There is a classic unpublished paper by Bill Gosper explaining how to do arithmetic and other cool things with continued fractions that I’m sure must be available somewhere on the web.

7. John Fouhy

“But we can usually write some expression to show how to continue the number”
How often is that true? Do they have to be algebraic or computable? Is there a recurrence relation for pi?

8. ScentOfViolets

There’s a cool little theorem – the first time I saw it was in Hardy’s book – that says a continued fraction is repeating if and only if it is the representation of an algebraic number. So of course all square roots of non-transcendental numbers will be repeating. Otoh, given a nonrepeating, nonterminating continued fraction, one may deduce that the number is transcendental. So if one posits that pi is represented as a nonterminating, nonrepeating continued fraction, it pops out automatically that it must be transcendental.

9. Dave W.

ScentOfViolets: That theorem must use a more expanded definition of continued fractions. Repeated continued fractions of the form described here are all irrational numbers of the form (a + sqrt(b))/c, for integers a, b, and c.
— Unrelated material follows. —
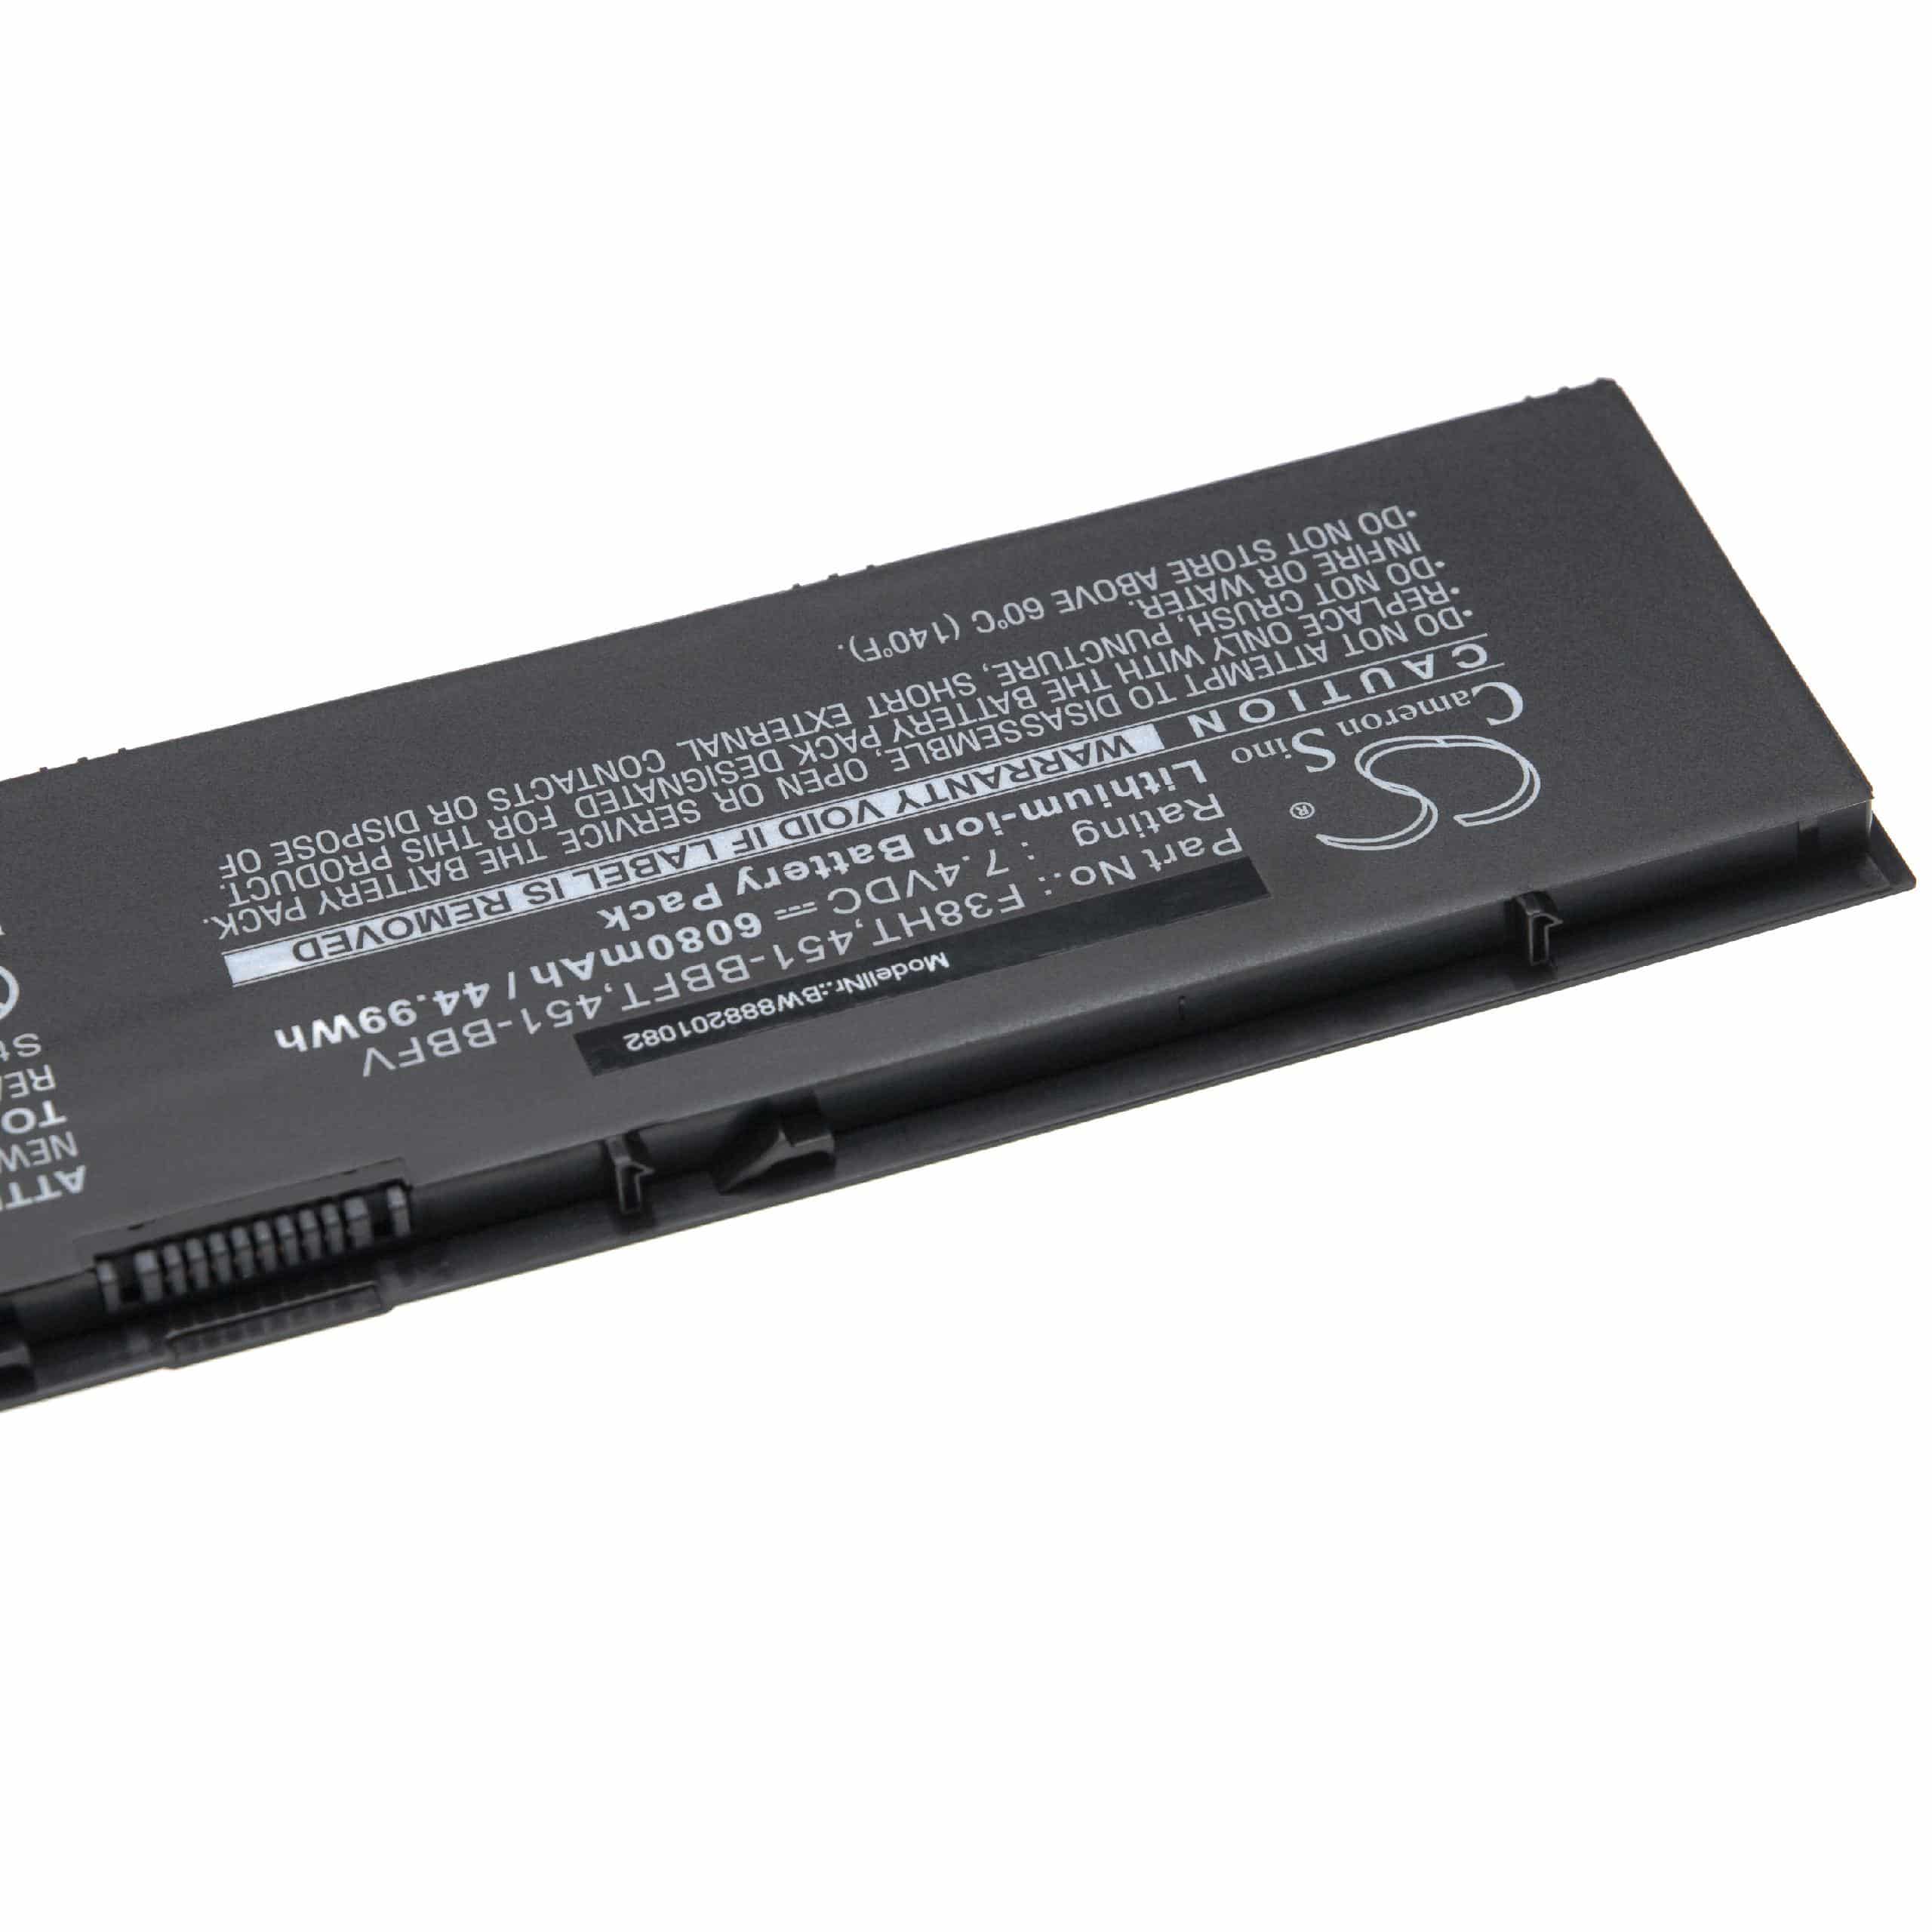 Akumulator do laptopa zamiennik Dell PFXCR, F38HT, 451-BBFY, 34GKR, 451-BBFT - 6080 mAh 7,4 V Li-Ion, czarny

When you solve the repeated fraction as a recurrence, you get a quadratic equation.

10. Dave W.

A good resource for info on continued fractions is Ron Knott’s continued fraction page at: http://www.mcs.surrey.ac.uk/Personal/R.Knott/Fibonacci/cfINTRO.html
There is a link there to his interactive continued fraction calculator, which allows you to convert between fraction form, decimal form, and continued fraction form and calculate the intermediate convergents.

11. Jonathan Vos Post

A nice generalization of “The square root of 2 in continued fractions is [1; 2, 2, 2, 2, …]” is:
(the square root of (1 + n^2)) – n + 1 in continued fractions is [1; 2n, 2n, 2n, 2n, …]